At such a time a system of government conceived in perfect wisdom, and adopted with deliberation, was not expected; and as soon as those common principles which supplied its defects, ceased to operate, the inconveniences which arose from them, were very sensibly felt.

Since that time the seeds of civil dissention have been gradually ripening, and political confusion hath pervaded the States.

Commerce hath been declining, our credit suffering, and our respectability, as a nation, hath almost vanished.

In such circumstances it was thought proper to collect the patriotic wisdom of the States for the purpose of amending the articles of confederation, which were found to be inadequate to the security of national prosperity and happiness; and of making such additions to supreme power, as our situation testified, were wanted.
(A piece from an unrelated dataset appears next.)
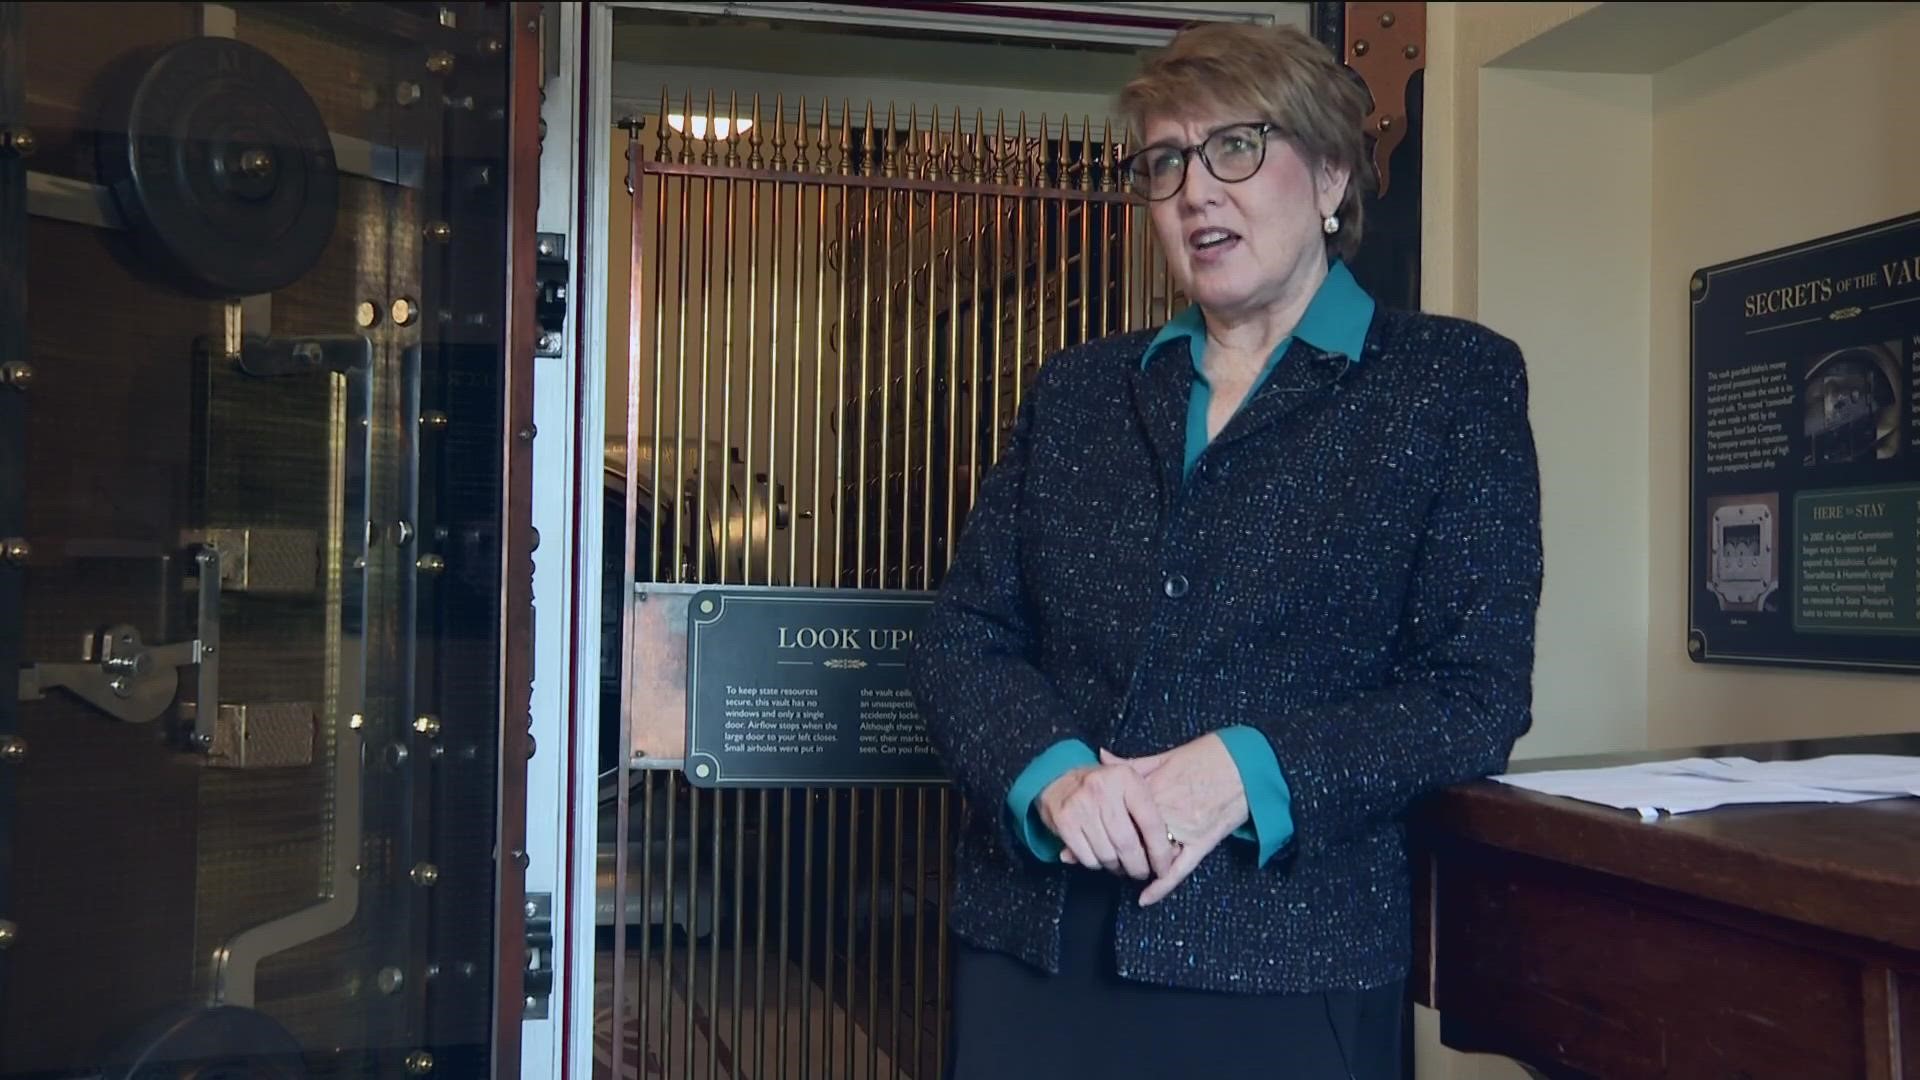 Idaho's Treasurer's Office is "bursting at the seams" with contents from over 2,300 abandoned, unclaimed safe deposit boxes collected from banks and businesses.

Necessity, therefore, gave birth to the Convention, and the glaring defects of the late system of confederation, were the objects of its amendment.

But was it a total subversion of the confederation, that was intended by Congress or expected by the people?

Any one tolerably acquainted with human nature, can easily discern, that people involved in difficulty, would embrace any change, even if it were evidently and designedly for the worse.

But this circumstance ought not to preclude examination.


Did we experience any disadvantage from every part of the present confederation?

And why alter that which experience itself hath taught us to be good?

Was it not expected that some necessary additions to the powers of Congress, together with a few alterations of a smaller nature would constitute the whole of their business?

To frame a Constitution entirely new therefore was out of their province.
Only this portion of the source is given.